The study divided 60 participants into three groups: those with PTSD;
those with a history of trauma but no PTSD; and those with no history
or either trauma or PTSD. Participants in all three groups received a
radioactive tracer that illuminates CB1 receptors when exposed to PET
scans.
Results showed that participants with PTSD, especially women, had
more CB1 receptors in brain regions associated with fear and anxiety
than volunteers without PTSD. The PTSD group also had less of the
neurotransmitter anandamide, an endocannabinoid that binds to the CB1
receptor.
When anandamide levels are low, Dr. Neumeister explained, the brain
compensates by increasing the number of CB1 receptors. "This helps the
brain utilize the remaining endocannabinoids," he said.
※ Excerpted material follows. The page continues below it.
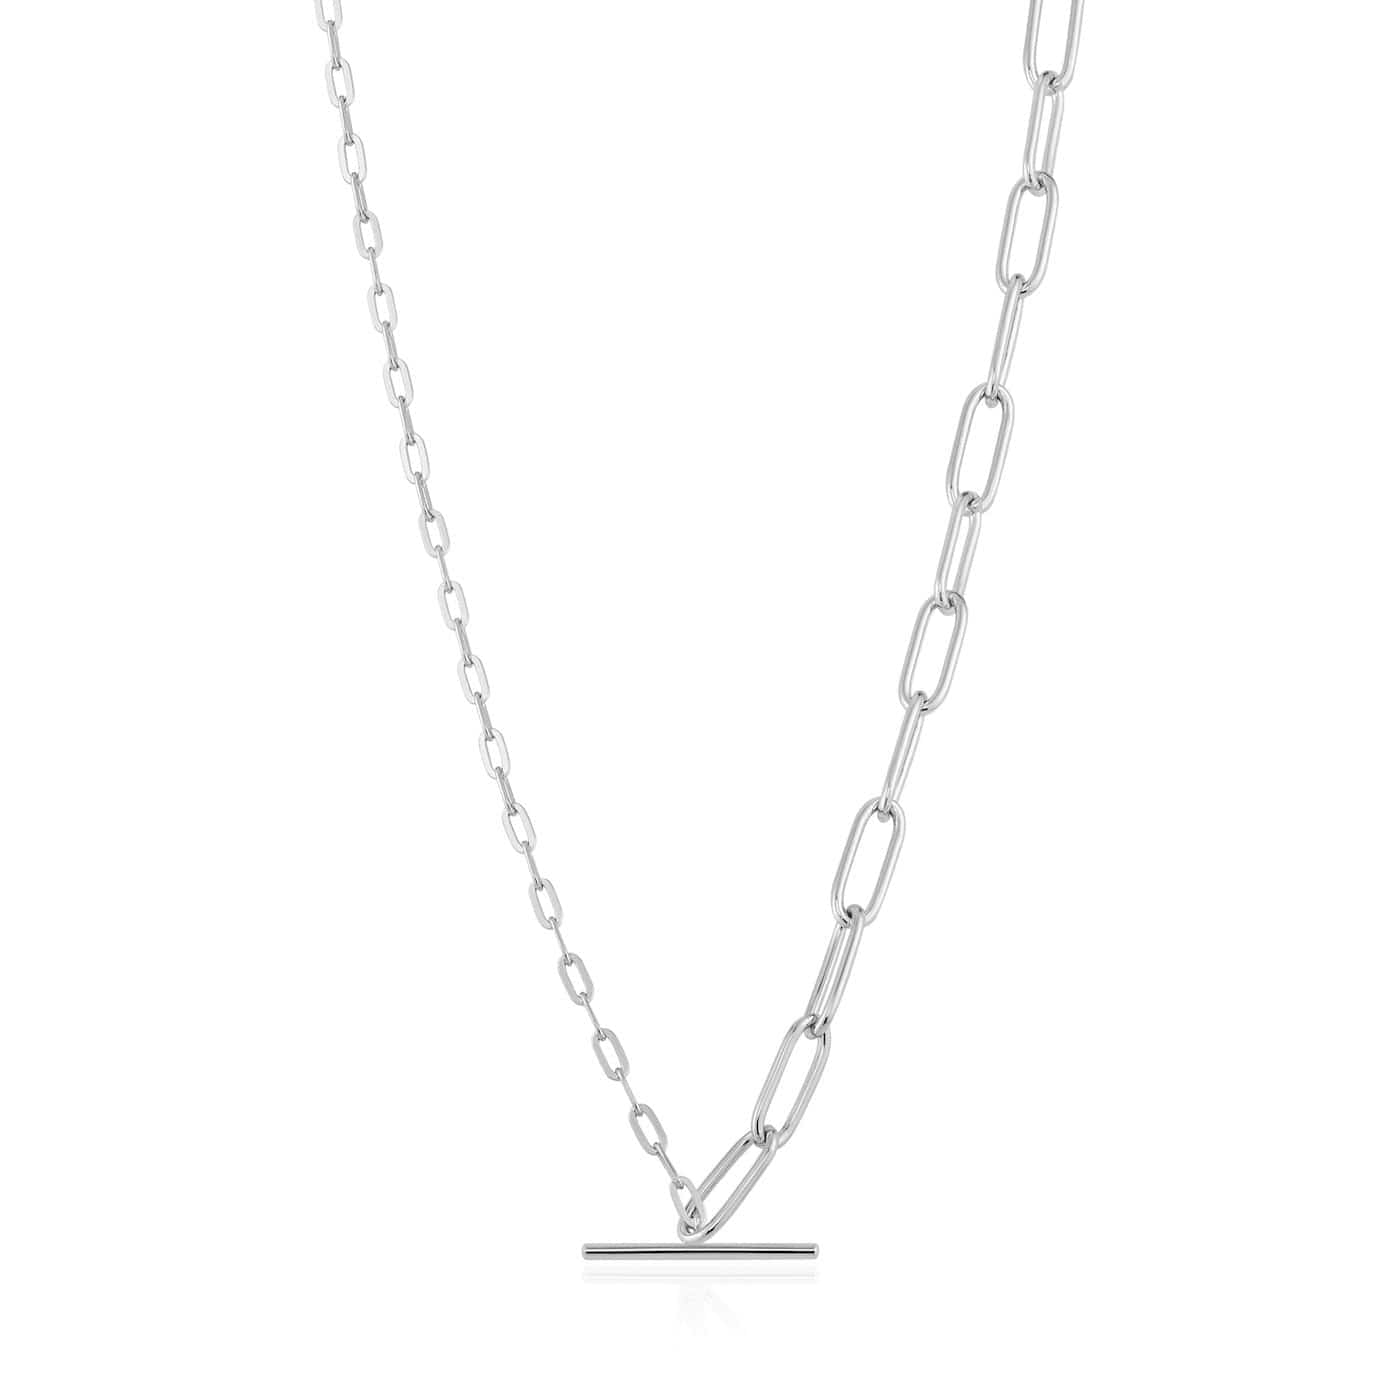 NKL Silver Mixed Link T-bar Necklace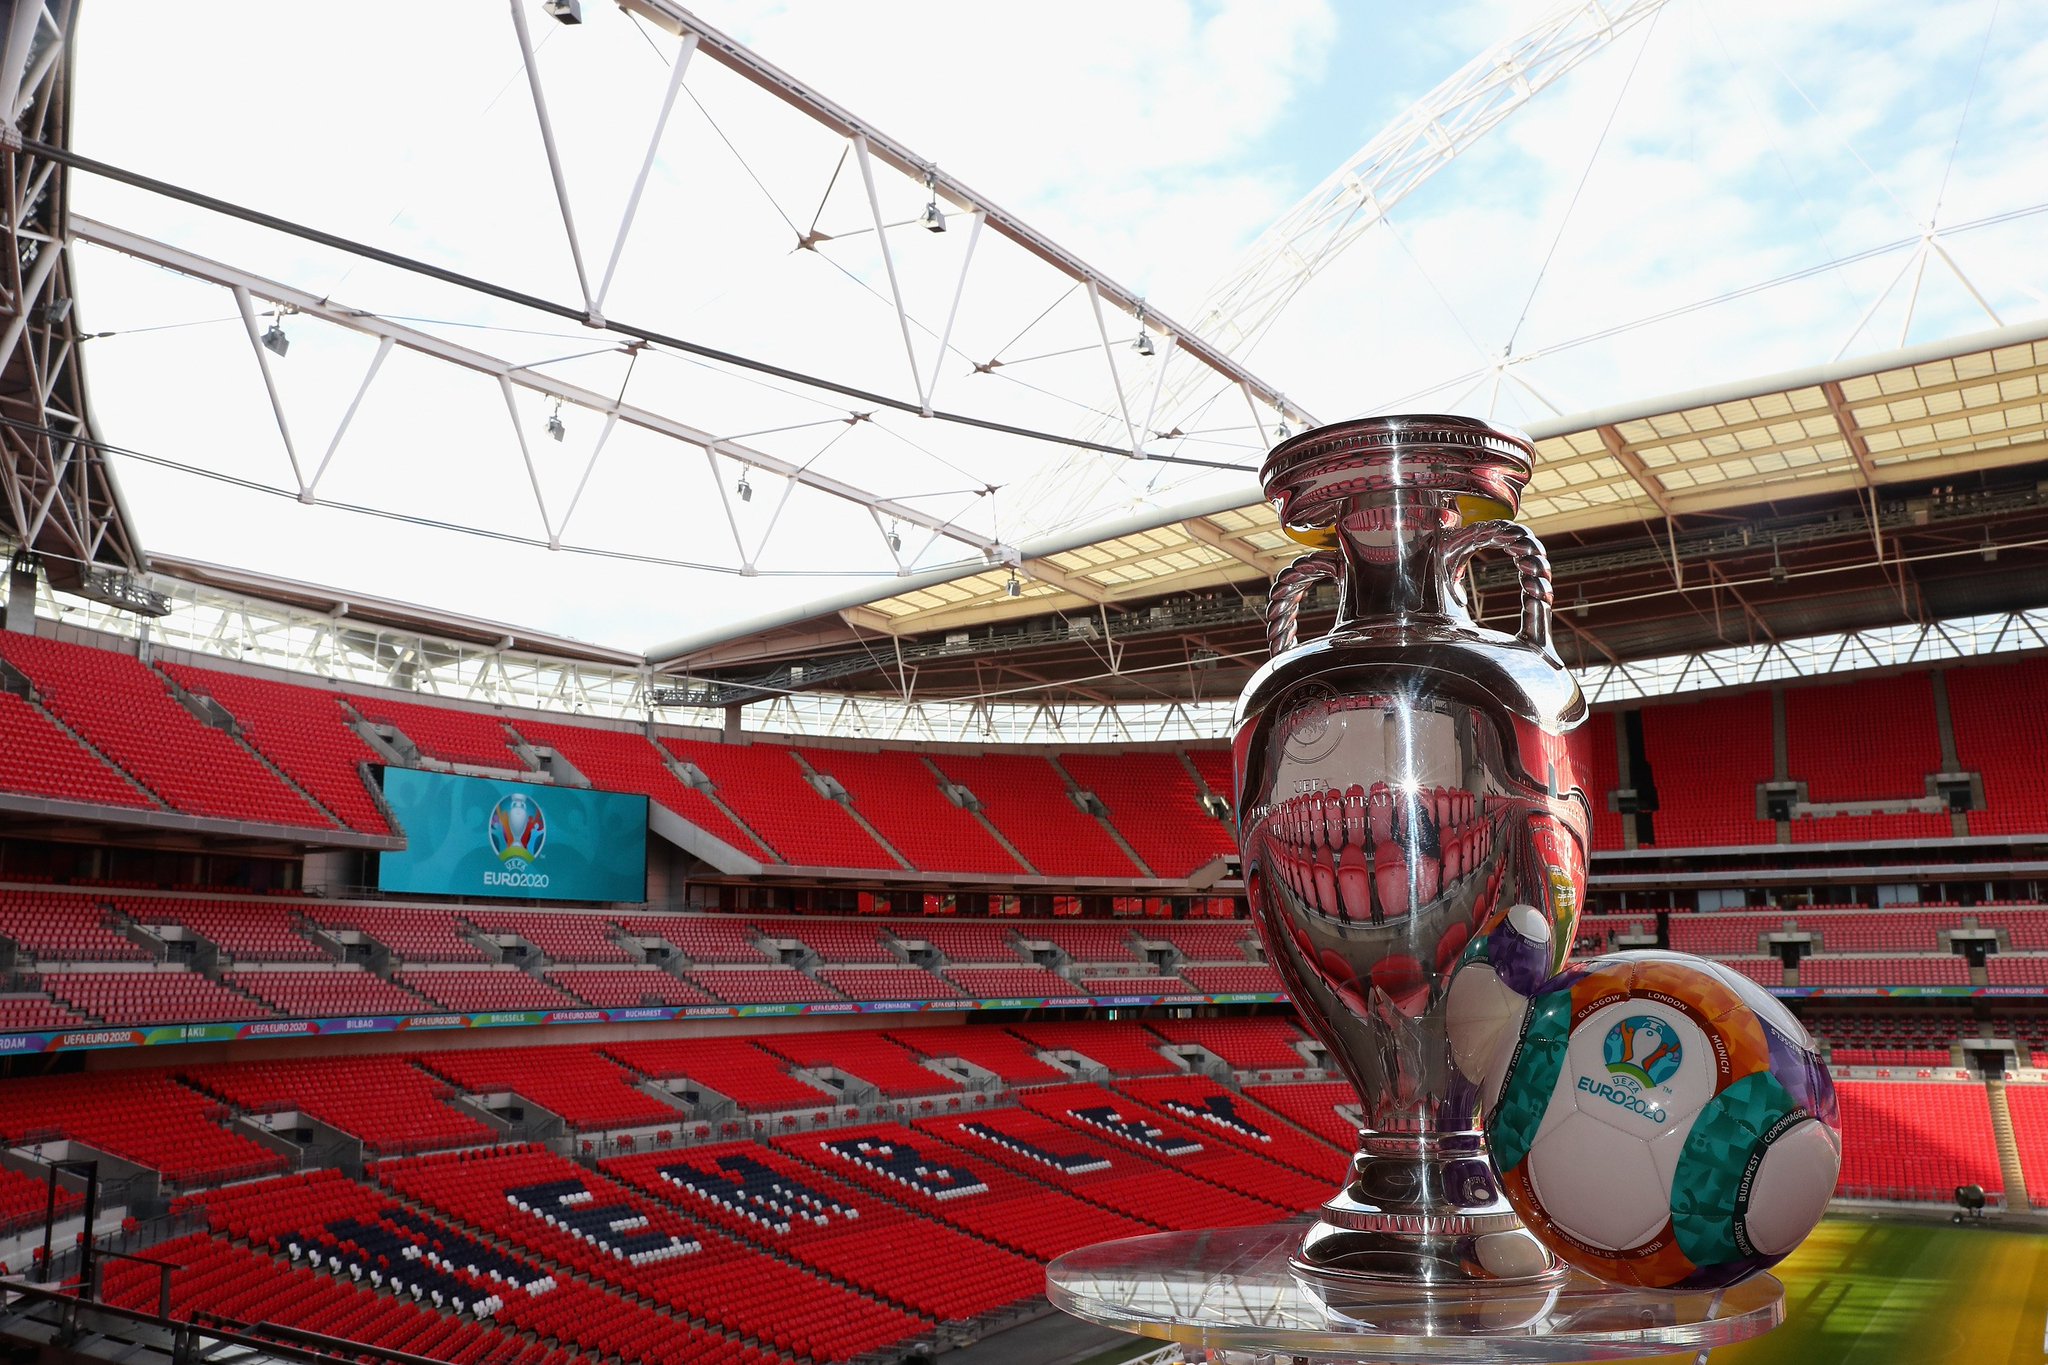 Uefa Euro 2020 On Twitter Wembley Stadium Will Host 7 Euro 2020 Games Including The Final

"What is PTSD? It's an illness where people cannot forget what they
have experienced," Dr. Neumeister said. "Our findings offer a possible
explanation for this phenomenon."
Biological markers of PTSD -- such as these tests for CB1 receptors
and anandamide levels -- could dramatically improve diagnosis and
treatment for trauma victims, especially since current diagnostics for
PTSD rely on subjective measures and patient recall, making it difficult
to accurately diagnose the condition or distinguish it from depression
and anxiety.
An estimated 20 percent of the 1.7 million men and women who have
served in the wars in Iraq and Afghanistan have PTSD, but it is not
limited to soldiers. Trauma from sexual and physical abuse, car
accidents, natural disasters, and life-threatening medical diagnoses can
lead to PTSD; it affects nearly 8 million Americans annually.
"We want to increase the concentration of these endocannabinoids,"
Dr. Neumeister said. "So we are currently working on the methods to do
this, and we have developed a compound that is able to increase the
concentration of endocannabinoids without attacking the receptors."
The thing is, we already have a safe, natural and organic way to
increase the concentration of cannabinoids in the brain -- it's called
smoking pot, and you don't have to pay a big pharmaceutical corporation
to do so, at least yet, anyway.
But Neumeister said the compound he's investigating is "very safe"
and does not come with the "added health problems" of marijuana use.
Without detailing what "health problems" those would those be, exactly
(studies have shown that not only does marijuana not harm the lungs or
pulmonary system; it actually appears to increase lung health.)